A repository JSON is a dictionary mapping toolkit names to their configuration and data sections:

{
    "<ToolkitName>": {
        "Config": { ... },
        "DataSource": { ... },
        "Measurements": { ... },
        "Simulations": { ... },
        "Cache": { ... },
        "Function": { ... }
    },
    "<AnotherToolkitName>": { ... }
}

Rules: - Toolkit names must match registered toolkit names (case-sensitive) - Each toolkit section is independent - Section order doesn't matter - Sections are optional (only include what you need)


Section Types

Config Section

Purpose: Set toolkit configuration via toolkit.setConfig(**configDict)

Schema:

{
    "<ToolkitName>": {
        "Config": {
            "<key1>": "<value1>",
            "<key2>": 42,
            "<key3>": {
                "nested": "config"
            }
        }
    }
}

Handler: _handle_Config → Calls toolkit.setConfig(**configDict)

Example:

{
    "GIS_Raster_Topography": {
        "Config": {
            "defaultSRTM": "SRTMGL1",
            "defaultCRS": 4326
        }
    }
}


DataSource Section

Purpose: Register versioned datasources accessible via toolkit.getDataSourceData()

Schema:

{
    "<ToolkitName>": {
        "DataSource": {
            "<datasourceName>": {
                "isRelativePath": "True" | "False" | true | false,
                "item": {
                    "resource": "<path or value>",
                    "dataFormat": "<format constant>",
                    "version": [<major>, <minor>, <patch>],
                    "desc": {
                        "<key>": "<value>",
                        ...
                    },
                    "overwrite": true | false  // Optional, default: false
                }
            }
        }
    }
}

Handler: _handle_DataSource → Calls toolkit.addDataSource(...)

Required Fields: - resource — Path to data file or inline value - dataFormat — One of the datatypes constants (e.g., "parquet", "geopandas")

Optional Fields: - version — Version tuple [major, minor, patch] (default: [0, 0, 1]) - desc — Metadata dictionary (default: {}) - overwrite — Overwrite existing datasource (default: false)

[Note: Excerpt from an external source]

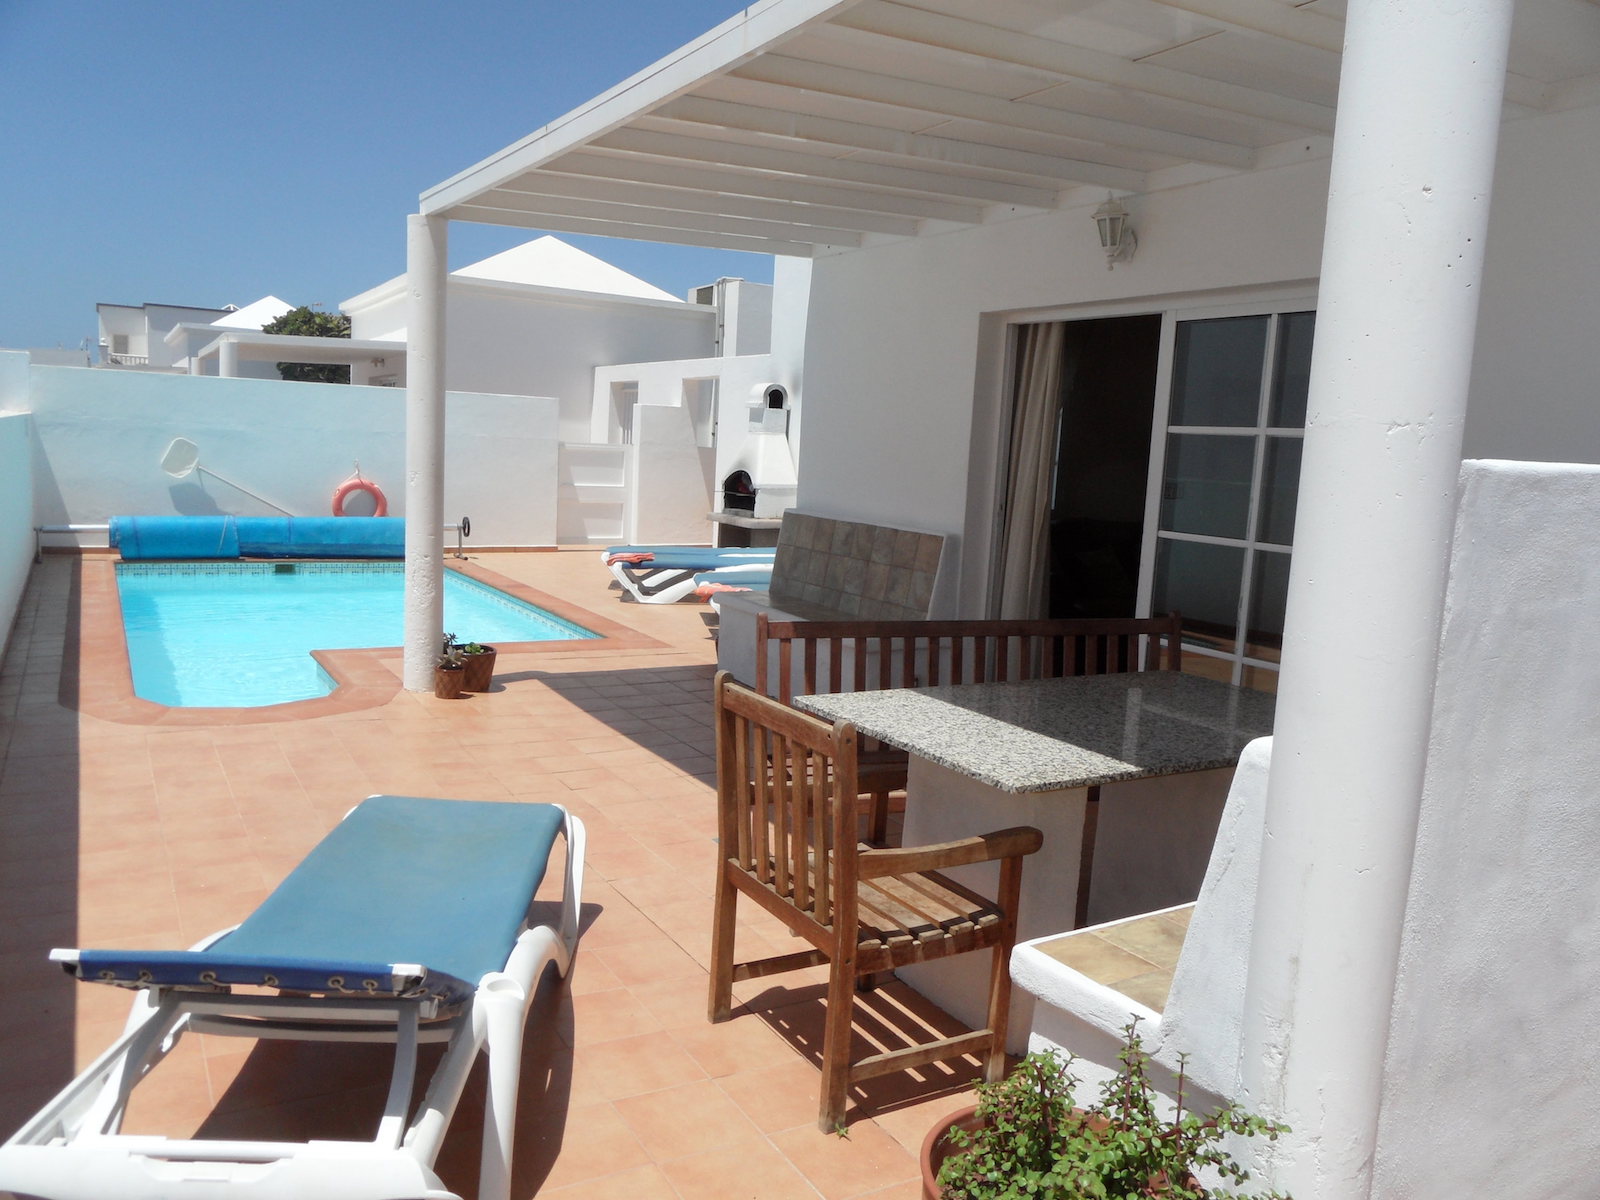 3 Bedroom Private Villa Las Calas with Heated Pool

Path Resolution: - If isRelativePath is "True" or true: resource is resolved relative to repository JSON directory - If isRelativePath is "False" or false: resource is used as absolute path

Example:

{
    "MeteoLowFreq": {
        "DataSource": {
            "YAVNEEL": {
                "isRelativePath": "True",
                "item": {
                    "resource": "measurements/YAVNEEL.parquet",
                    "dataFormat": "parquet",
                    "version": [0, 0, 1],
                    "desc": {
                        "stationName": "YAVNEEL",
                        "latitude": 31.7683,
                        "longitude": 35.2137
                    }
                }
            }
        }
    }
}


Measurements Section

Purpose: Add raw measurement documents to the Measurements collection

Schema:

{
    "<ToolkitName>": {
        "Measurements": {
            "<documentName>": {
                "isRelativePath": "True" | "False" | true | false,
                "item": {
                    "resource": "<path or value>",
                    "dataFormat": "<format constant>",
                    "type": "<document type>",
                    "desc": {
                        "<key>": "<value>",
                        ...
                    }
                }
            }
        }
    }
}

Handler: _DocumentHandler → Calls toolkit.addMeasurementsDocument(...)

Required Fields: - resource — Path to data file or inline value - dataFormat — Format constant - type — Application-defined document type (e.g., "Experiment_rawData")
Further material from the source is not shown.